Azerbaijan needs to diversify its economy away from fossil fuels. One of the ways this can be achieved is by investing in human capital in rural areas.
A transit hub since Silk Road times, Azerbaijan’s strategic location on the Caspian Sea between Russia, Iran, Armenia, and Georgia rewarded it with easy trade access to China, Central Asia, and Europe even before the discovery of its vast fossil fuel reserves.
Marco Polo wrote that oil from the Absheron peninsula was burned for heat and exported to the Middle East, and the world’s first industrial exaction of oil from a drilled well took place in Azerbaijan in 1846.
Since Azerbaijan gained independence in 1991, its industry and population have further concentrated into the Absheron peninsula’s Greater Baku Area, comprised of Baku, Sumqayit, and satellite cities, which has immediate proximity to the Caspian Sea’s offshore oil and gas reserves.
Those oilfields produce 90 per cent of the country’s exports and almost two-thirds of total budget revenue.
After the First Karabakh War, which ended in 1994, fossil fuel exports boomed, sustaining growth at 11 per cent from 2000 to 2015, before experiencing a slowdown. Since then, Azerbaijan has attempted—without much success—to diversify its economy away from fossil fuels.
“Global transition towards a low-emissions economic model offers opportunities for Azerbaijan to be globally and regionally competitive,” said Sarah Michael, World Bank Country Manager for Azerbaijan. “To make the best of it, Azerbaijan needs to focus on decarbonising and diversifying the economy, bolstering innovation, and natural and human capital development.”
Inequality and rural poverty
Poverty declined from 49 per cent in 2004 to 4.9 per cent in 2014, but inequality remained—according to a 2021 World Bank report, Azerbaijan exhibits more than two times the inequality of any other country in Europe and Central Asia with poverty concentrated in rural areas.
While over 40 per cent of the population works in agriculture, the sector accounts for only 5.7 per cent of gross domestic product due to undeveloped agro-processing industries, limited access to finance, poor market linkages, and lack of skills and knowledge on modern agricultural technologies.
The departure of educated and skilled workers from rural areas for Baku or other countries further worsens human capital gaps between urban and rural populations. Over a million Azerbaijanis have emigrated to Russia, Turkey, the European Union, Ukraine, Israel, Central Asia, and elsewhere for education and work.

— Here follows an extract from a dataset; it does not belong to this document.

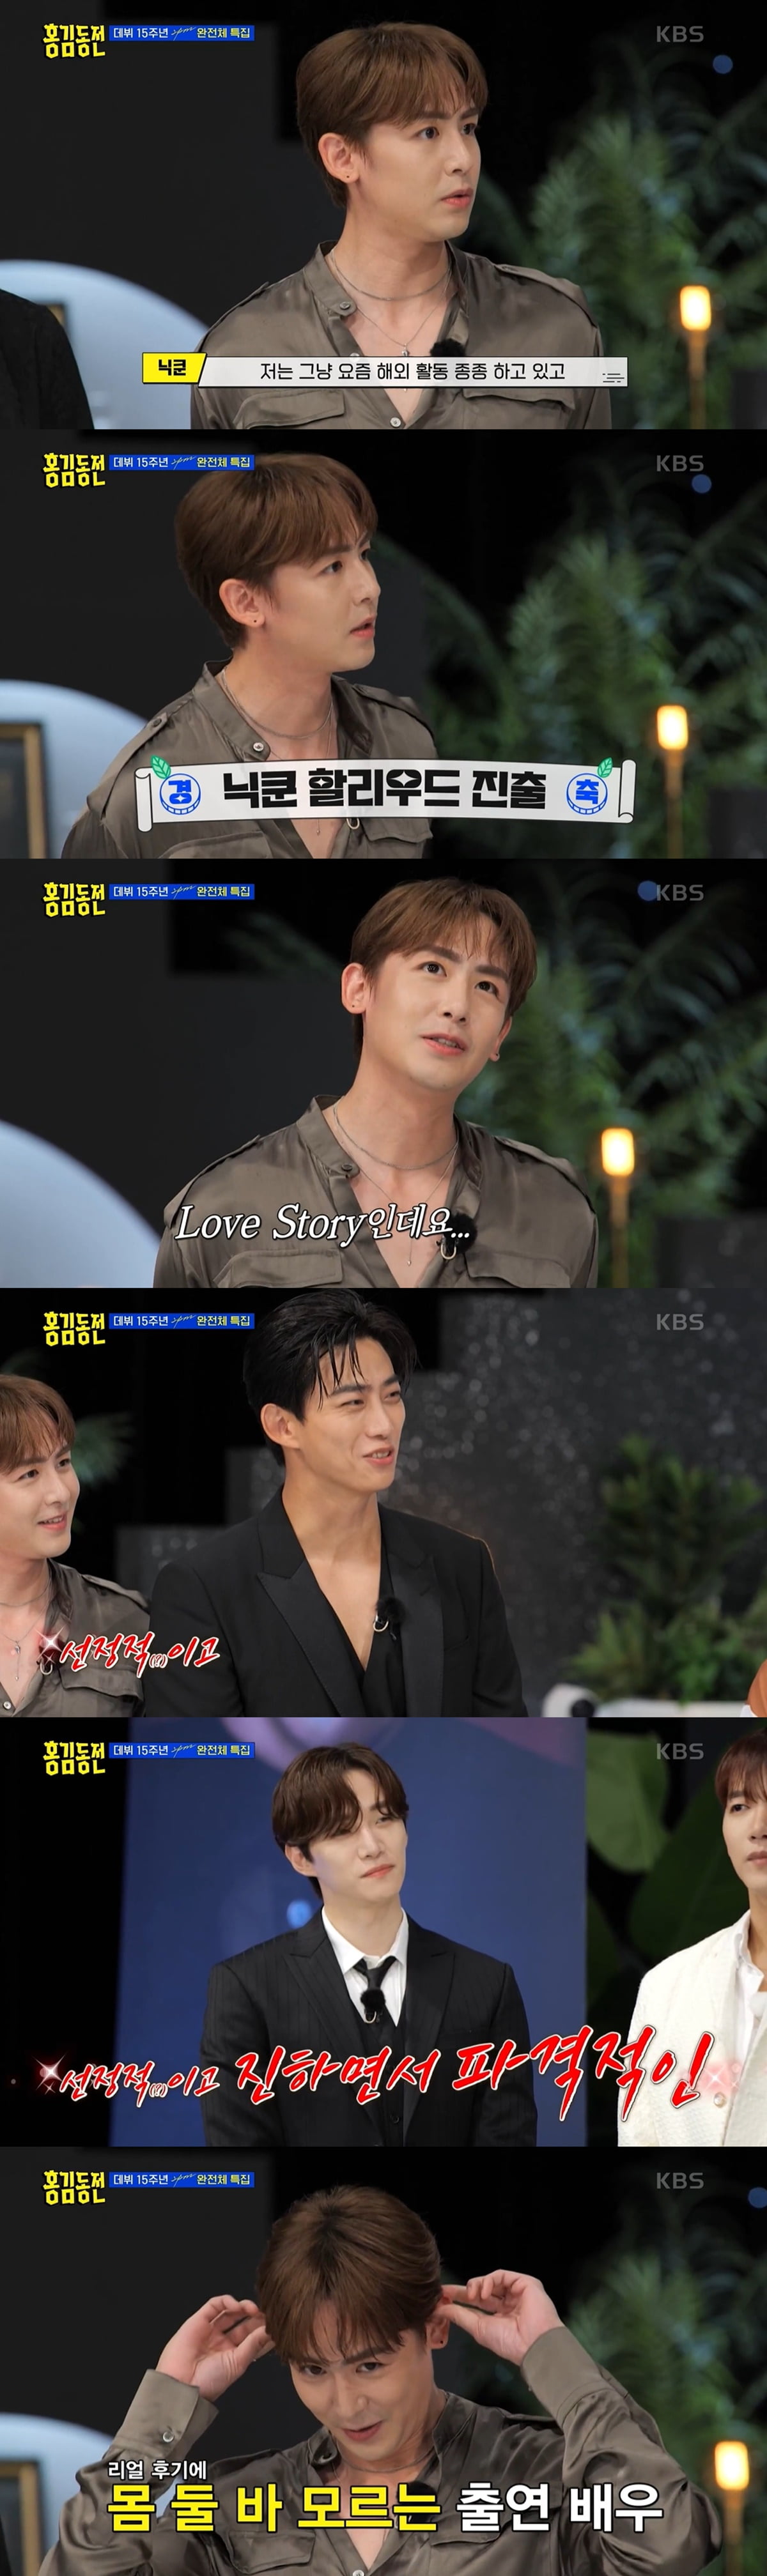 2PM Nichkhun says “Mom should never see my Hollywood entry”

“If the active and dynamic part of the population from the regions flows to the capital, the development of the regions weakens significantly,” suggested economist Rovshan Aghayev for the Baku Research Institute. “That is because the depopulation of rural regions is not related to the production, migrants are also consumers, and as internal migration expands, regions lose their advantages as markets.”
Outlook
Growth slowed in 2022 as inflation soared to 13.9 per cent for the year and oil production slowed. Inflation remained as high as ten per cent in September 2023, and the Asian Development Bank forecasts Azerbaijan will have the lowest growth rate in gross domestic product (GDP)—only 2.2 per cent—of any country in Central Asia and the Caucasus.
Higher household income boosted private consumption by 5.1 per cent in the first half of 2023 but continued double-digit inflation may curb real incomes and consumption.
Although the war in Ukraine has increased Western interest in Azerbaijan as a source of energy and as a key link in the Middle Corridor to circumvent Russia, there are still serious logistics and capacity concerns to address before that route will be ready to handle the same volume of trade as Russia’s trans-Siberian networks.
Since Azerbaijan regained control over areas of Nagorno-Karabakh and its surroundings in the Second Karabakh War in 2020, there have been extensive efforts to rebuild areas damaged by the conflict ahead of the return of hundreds of thousands of internally displaced Azerbaijanis. High government investment—including in pipelines, hydropower plants, and the restoration of historical structures in Karabakh—boosted growth in construction from 8.7 per cent in the first seven months of 2022 to 13.2 per cent a year later.
Baku’s September offensive against the remaining areas of Karabakh under the control of the Artsakh breakaway state resulted in the tragic exodus of almost all of the region’s 120,000 ethnic Armenian residents but also put an end to a conflict that has been a source of geopolitical instability for three and a half decades. All of the territory de jure recognised as Azerbaijan has returned to Baku’s de facto control.
However, a war with Armenia-proper to seize a land corridor connecting mainland Azerbaijan with its exclave of Nakhchivan would jeopardise this newfound political certainty and risk Western sanctions.
Prioritising diversification and tourism, investing in human capital in rural areas, re-opening its land borders (closed since the Covid-19 pandemic), ensuring a meaningful improvement in the quality of life of its internally displaced persons, and finalising a long-sought peace agreement with Armenia would allow Azerbaijan to remedy its structural challenges while guaranteeing peace and cooperation for future generations of Caucasians.